IMPORTANCE Cell type-dependent patterns of neutralization describe a differential capacity of antibodies to inhibit virus infection when assayed on multiple cellular substrates. In this study, we established a link between antibodies that neutralize infection in a cell type-dependent fashion and those sensitive to the maturation state of the flavivirus virion. We demonstrated that cell type-dependent neutralization reflects a differential capacity to measure neutralization of viruses that are incompletely mature. Partially mature virions that most efficiently bind maturation state-sensitive antibodies are poorly represented by assays typically used in support of flavivirus vaccine development. The selection of cellular substrate for neutralization assays may significantly impact evaluation of the neutralization potency of the polyclonal response. These data suggest that current assays do not adequately capture the full complexity of the neutralizing antibody response and may hinder the identification of correlates of protection following flavivirus vaccination.

INTRODUCTION

Flaviviruses are a group of single-stranded RNA viruses responsible for considerable annual mortality and morbidity. These viruses are responsible for a variety of severe diseases in humans that include encephalitis, hemorrhage, and shock. Members of this genus that significantly impact global health include yellow fever virus (YFV), dengue virus (DENV), Japanese encephalitis virus (JEV), and West Nile virus (WNV) (1). Many flaviviruses are emerging pathogens. WNV was first observed in the Western Hemisphere in the summer of 1999 and has since spread throughout the United States and into Canada and Central America. While WNV is now endemic in the United States, under favorable conditions, the potential exists for intense localized outbreaks associated with significant mortality (2, 3). More globally, DENV has spread extensively across tropical and subtropical regions during the last ∼80 years. Roughly one-third of the global population now lives in a region with endemic DENV; up to 390 million DENV infections occur each year (4). Fortunately, vaccines have proven to be effective at controlling flaviviruses. Vaccines against YFV, JEV, and tick-borne encephalitis viruses (TBEV) have been used extensively (57). In each instance, neutralizing antibodies have been established as a correlate of protection (810).

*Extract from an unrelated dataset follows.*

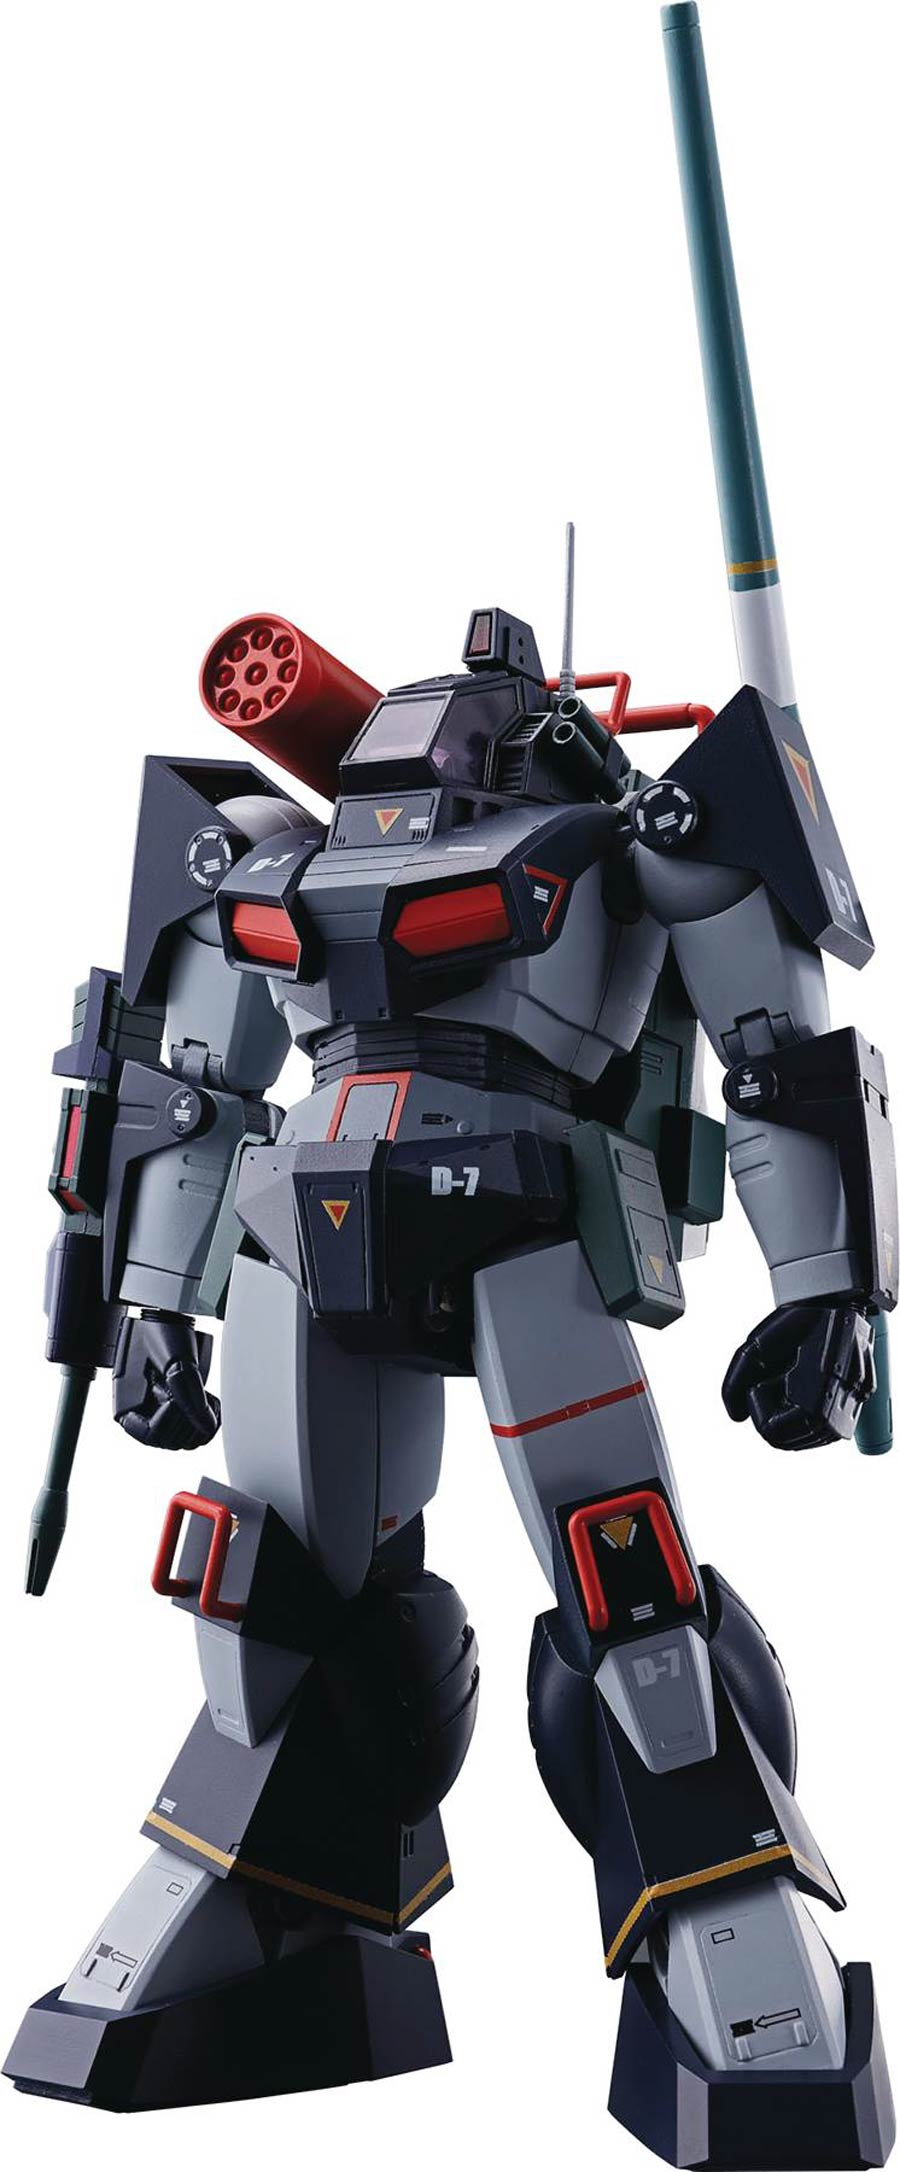 Combat Armor Dougram Hi-Metal R - Dougram Action Figure

Flaviviruses are spherical particles composed of three viral proteins (capsid, premembrane [prM], and envelope [E]), a host-derived lipid membrane, and an ∼11-kb RNA genome of positive-sense polarity (11). On newly synthesized virions, viral E proteins are incorporated into the virus particle as 60 heterotrimeric complexes with the prM protein (12). The function of prM on immature virions is to prevent adventitious fusion of the virus particle during egress from infected cells (13). Cleavage of prM is the defining event of the virion maturation process (reviewed in reference 14). Genetic studies demonstrate that cleavage of at least some prM during transit through acidic compartments of the cellular secretory pathway is required for the production of infectious virions (15). In contrast to the “spiky” appearance of immature virions, mature virus particles released from cells are relatively smooth. The 180 copies of E protein on mature virions exist as antiparallel dimers that lay flat against the surface of the virus particle (16). Several lines of evidence indicate that the virion maturation process may be quite inefficient, resulting in the generation of infectious partially mature virus particles with structural features of both mature and immature virions (reviewed in reference 14).

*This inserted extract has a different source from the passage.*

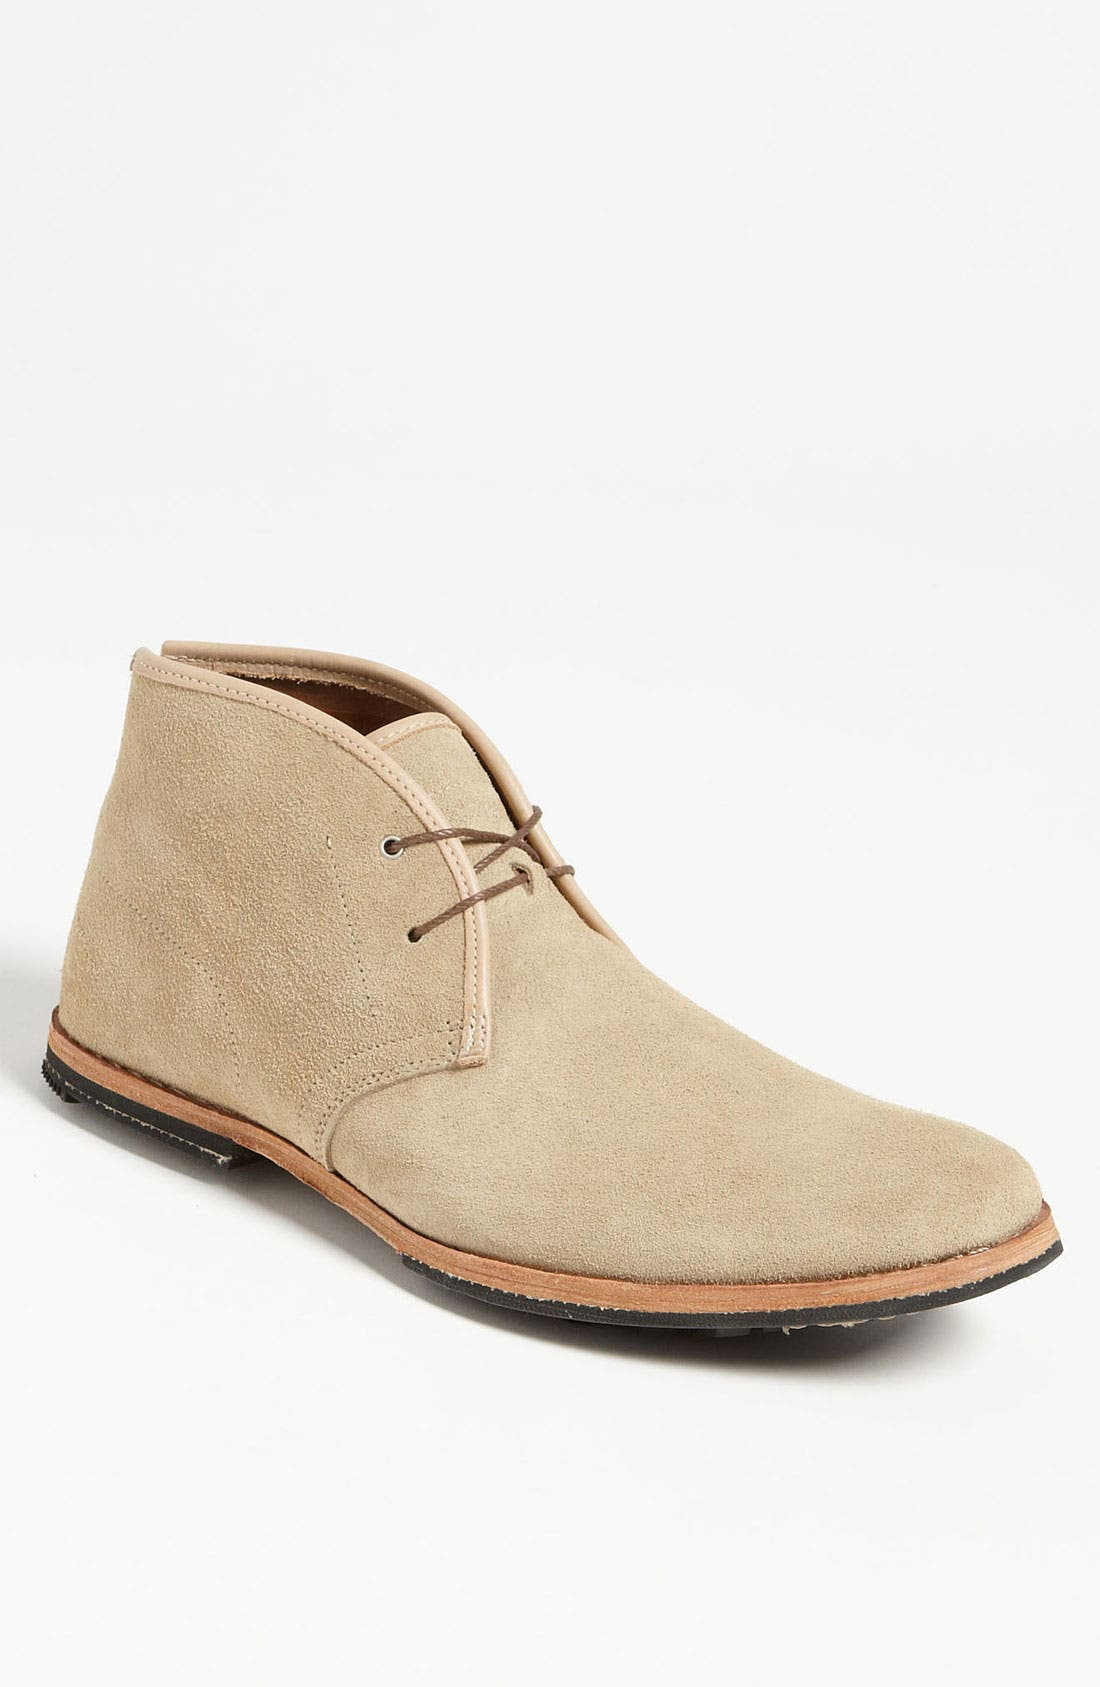 Main Image - Timberland Boot Company 'Wodehouse' Chukka Boot

Antibodies play an important role in the immune control of flavivirus infections via several mechanisms that include the direct neutralization of virus infectivity. The E protein is the principal target of neutralizing antibodies (17). The E protein ectodomain is composed of three structurally distinct domains connected by flexible hinges: a central domain I (DI) that is connected on one side to an elongated domain II (DII) containing a hydrophobic fusion loop (fl) and on the other side to domain III (DIII). DIII is an immunoglobulin-like fold structure hypothesized to participate in interactions with cellular factors (18). Neutralizing antibodies have been identified that bind all three domains of the E protein and may interfere with infection at several distinct steps of the virus entry process, including blocking virus attachment or viral membrane fusion (1921). Antibodies that recognize prM protein have also been identified but are typically characterized by low neutralizing activity (2224).

Assays that measure antibody-mediated neutralization are designed to capture the outcome of antibody occupancy of the virion. Virus neutralization is thought to occur once an individual virion is bound by a critical number of antibodies. The extent of virion maturation is one factor shown to govern how many antibodies bind the virion at a given concentration of antibody (25). In several instances, the results of neutralization assays have been shown to vary when the assays are performed on multiple cellular substrates (2632). Interest in cell type-dependent patterns of neutralization is heightened by results of the first large-scale phase IIb clinical study of a tetravalent DENV vaccine (33). This live-attenuated vaccine was shown to elicit only modest protection when administered in dengue-experienced populations (34). Curiously, and in contrast to experience with other flavivirus vaccines, protection did not appear to correlate with neutralizing antibody titers as measured by a plaque reduction neutralization test (PRNT) using Vero cells. In this study, we detail the mechanism of cell type-dependent neutralization of flaviviruses and its significance for measuring the antibody response to vaccination.

MATERIALS AND METHODS

Immune sera from recipients of candidate flavivirus vaccines.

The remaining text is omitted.